Попытки объяснить дома, что “жир – это просто такое слово”, ни к чему не приводят. Папа страшно сердится, остальные успокаивают нас обоих: ничего, бывает. Делаю “работу над ошибками”: пишу и пишу ненавистное слово, три строчки подряд, стиснув зубы и громко дыша носом.
Кефирная история
Про то, как дедушка Наум бежал со мной, годовалой, к дачному шоссе – ловить попутку в больницу, – я знаю из рассказов. А вот чудесное спасение шестимесячной Таньки произошло, можно сказать, у меня на глазах. Ну почти.
Дело было вечером, мама сидела в бабушки-дедушкиной комнате и кормила Таньку из бутылочки подогретым детским кефиром. Такие стеклянные бутылочки, тяжёленькие, с выдавленной сбоку мерной шкалой, заткнутые стерильной ваткой, приносились по утрам с молочной кухни, потом их мыли и сдавали обратно.
И вот мама кормила Таньку из такой бутылочки с надетой на горлышко резиновой соской и смотрела при этом телевизор. По телевизору тогда почти ничего увлекательного не показывали, программ-то было всего две, и если вдруг интересный фильм – например, “Дети Дон-Кихота”, – его ждали несколько дней, звали друг дружку, тащили стулья… Но мама что-то такое нашла, балет наверное, и засмотрелась. И не заметила, как ребёнок подавился, не вытащила вовремя соску изо рта. А когда спохватилась, Танька уже задыхалась и корчилась, не могла вздохнуть.
Дома из взрослых была ещё только бабушка, она ринулась на помощь, но как-то у них с мамой ничего не получалось, Танька краснела, потом синела и не пищала даже, а мама с бабушкой ужасно кричали.
Я убежала в большую комнату, в свой закуток за шкафом, и наполовину забилась под топчан. Вся не влезла, он был довольно низенький. Зажмурилась, уши зажала, но всё равно слышала из-за стенки страшные мамины вопли:
С мамой и Танькой на Страстном бульваре. 1962.
– Помоги-и-те! Умирает!
И тут в дверях заскрежетал ключ, из магазина вернулся дед. Он с порога оценил ситуацию (законы физики деда никогда не подводили), вырвал Таньку из рук орущей мамы, ухватил за ножки, перевернул вниз головой и резко, сильно тряхнул. Кефирная рвота выплеснулась на пол в прихожей, Танька тут же заревела, мама, прижав её к себе, зарыдала, бабушка от потрясения застонала, и в этот момент пришёл с концерта папа.

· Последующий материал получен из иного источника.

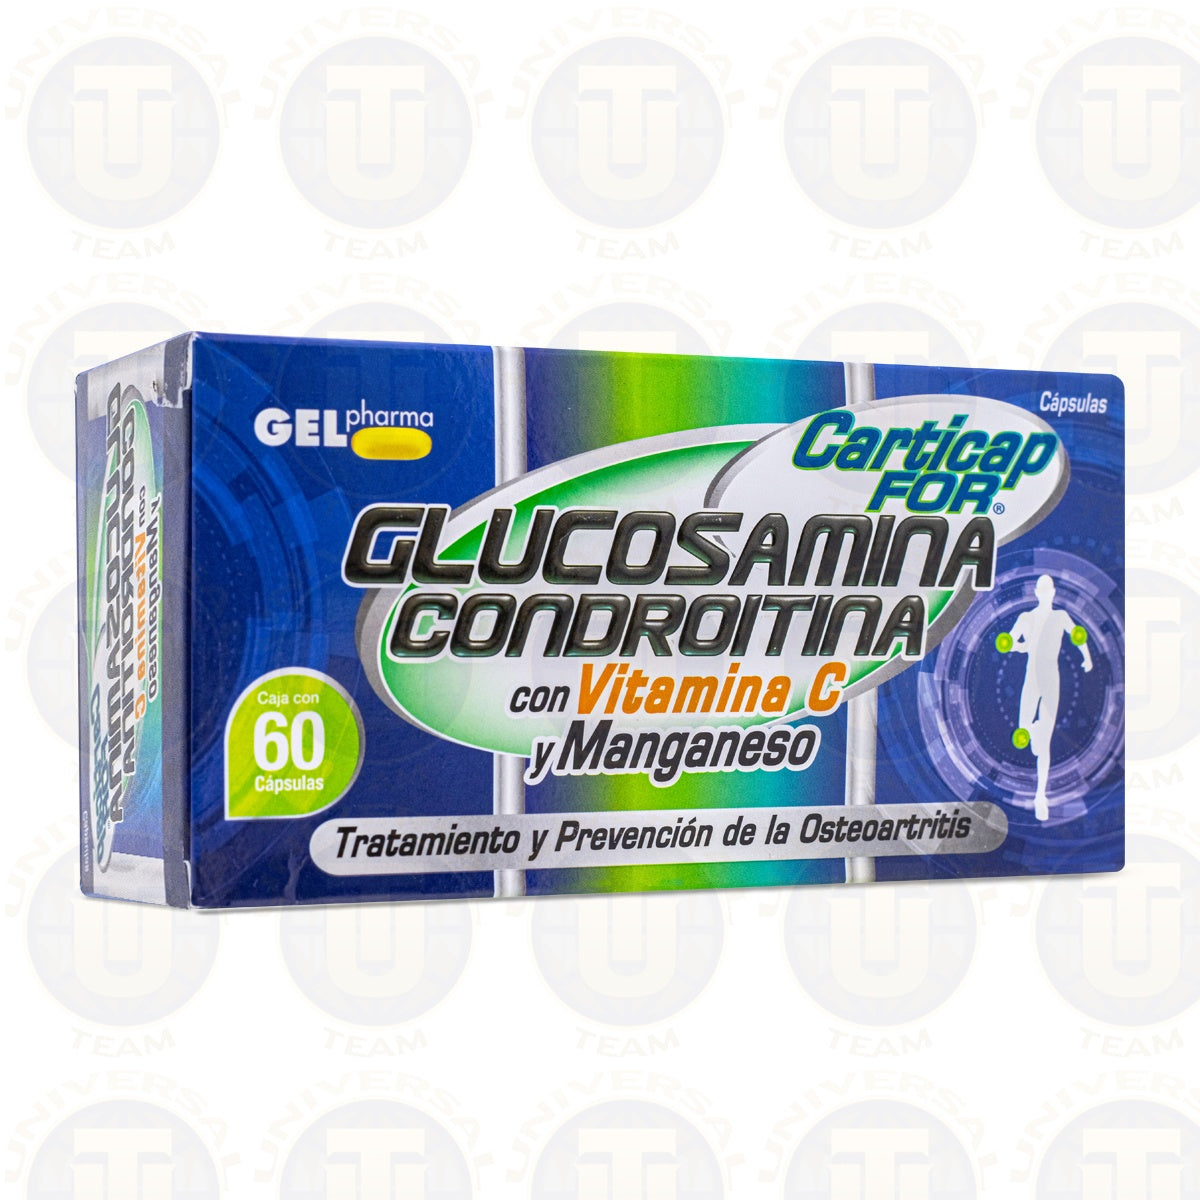 CARTICAP FOR GLUCOSAMINA CONDROITINA CON VITAMINA C Y MANGANESO 60 CAPS

Что тут началось! Это я уже своими глазами видела. Танька вопит, папа хочет её на руки взять, а мама вцепилась мёртвой хваткой, кричит: “Не дам, не дам!”. Бабуля в полуобмороке, у ребёнка же “чуть головка не оторвалась, могла шейка повредиться”, а дед собрался, кажется, рявкнуть что-то для детских ушей неподходящее, но мои уши больше не зажаты, и он только бурчит себе под нос.
Получается, мы теперь с Танькой обе деду обязаны жизнью. То-то он нас так любит! Называет “мамка моя”, это у него прозвище ласковое, больше ни от кого такого не слышала.
Через много лет у Дины Рубиной читаю, как дед говорит любимой внучке: “Ай, мамеле, он не стоит твоих вдохновенных соплей!” Мам́ еле, мамочка, что может быть ласкательней? Идиш в доме не культивировался, на нём только бабушка с дедом иногда переговаривались, и то нам говорили – это, мол, французский. Так что, похоже, дедушка сделал для нас перевод.
Немножко вольный.
Восьмое лето
Мне восемь лет, мы снимаем дачу в Кратово. Хозяйку зовут как-то смешно, сейчас уже не помню, может быть, тётя Песя. Впрочем, сколько мы дач снимали в Кратово, Отдыхе, на 42-м километре – почему-то всегда у бабушек-хозяек смешные имена-отчества, была однажды даже Нэха Цезаревна, это вот запомнилось…
У хозяйки внучка, шестилетняя Женя, мы вместе играем и из-за моей мелкости смотримся, наверное, ровесницами. Их крыльцо с одной стороны дома, наше с другой, но в доме через стенку всё слышно. Женя плохо ест, плохо и очень медленно, ну не любит она есть, и часа по полтора-два они с бабушкой мучают друг друга.
– Женя, что это значит? Я тебя спрашиваю! Как картошка оказалась в твоём горшке?!
– Не зна-а-ю! – ревёт Женя.
В остальном нормальная девчонка. Да, ещё от неё бабушка требует “всегда говорить только чистую правду”, и время от времени Женька заявляет сама на себя:
– Бабушка, накажи меня, я плохо поступила!
И встаёт в угол. Мама переглядывается с Тамарочкой, сестрёнкиной няней (Нанака, бедная, болеет, всё по больницам). Им обеим, маме и тёть-Томе, кажется, что это “уже чересчур”. Мне тоже внутри делается как-то странно.
Ещё с нами играет шести– или семилетний Колька, довольно крупный и светловолосый. Мы выходим на “просеку”, так почему-то называется тихий, заросший по краям травой переулок вдоль нашего забора, сочиняем какие-то военные действия, перевязывание раненых… Однажды, разгорячившись, я снимаю и вешаю на забор свою голубую шерстяную кофточку и совершенно о ней забываю. Седлаю верный “Школьник” (шины, как всегда, накачаны дедушкой), катаюсь по соседним улицам и спохватываюсь только к вечеру. Кофты, конечно, уже нет, и меня долго ругают. Взрослые ищут под забором, не свалилась ли, спрашивают соседей, чуть ли не объявления вешают, но всё зря.